Предложена дифференцированная тактика ведения пациенток с эндометриоидными кистами яичников, ассоциированными с бесплодием, позволяющая совершенствовать лечебно-диагностические подходы к ведению данного контингента больных.

Differentiated tactics of patients with endometriomas associated with infertility, which allows to improve the diagnostic and treatment approaches to the management of this group of patients.

Проблема совершенствования диагностики и оптимизации лечения женщин с гормонально-ассоциированными заболеваниями репродуктивной системы является весьма актуальной, особенно при планировании деторождения [1–4]. К числу последних относится генитальный эндометриоз, который имеет тенденцию к росту, особенно среди женщин, не реализовавших репродуктивную функцию, в том числе по причине бесплодия [5–7]. По данным Росстата, заболеваемость эндометриозом выросла с 376 до 435 на 100 тыс. женщин с 2009 по 2013 гг.
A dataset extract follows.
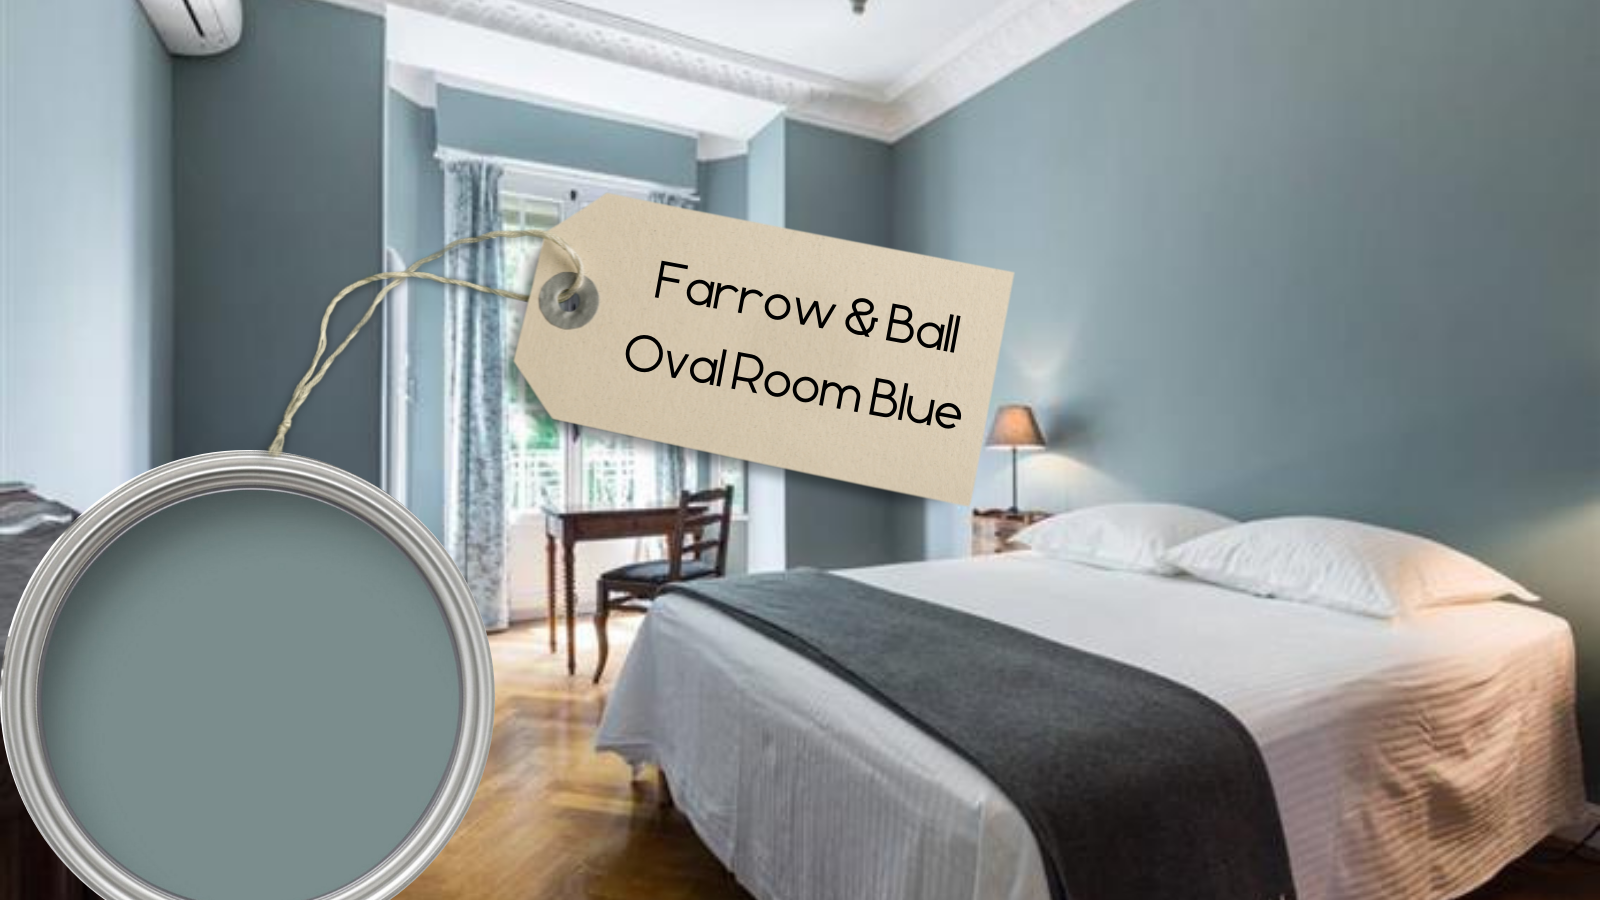 Farrow and Ball Oval Room Blue

Эффективность использования различных методов лечения эндометриоза, ассоциированного с бесплодием, в аспекте восстановления репродуктивной функции активно обсуждается в отечественной и зарубежной литературе. Частота наступления беременности при эндометриоз-ассоциированном бесплодии имеет широкий диапазон (от 8,9% до 74%) [7, 8], при распространенной форме генитального эндометриоза — эндометриозе яичников — она составляет 20–53%, включая применение методов вспомогательных репродуктивных технологий [1, 9, 10]. Несмотря на многочисленные исследования, отсутствуют убедительные доказательства преимущества ведущего хирургического метода лечения эндометриоза яичников в преодолении бесплодия, отсутствует единое мнение по вопросам гормонотерапии [4, 11, 12]. Учитывая высокую частоту редукции овариального резерва при хирургическом лечении эндометриом, намечается изменение тренда в пользу консервативного подхода к лечению [13, 14]. В соответствии с международным консенсусом по эндометриозу (2013), отечественными рекомендациями по ведению больных эндометриозом (2013) признается целесообразность в ряде случаев эмпирической терапии без лапароскопической верификации диагноза с целью сохранения овариального резерва, в то время как результаты оценки ее эффективности не получили широкого обсуждения в литературе [15–17].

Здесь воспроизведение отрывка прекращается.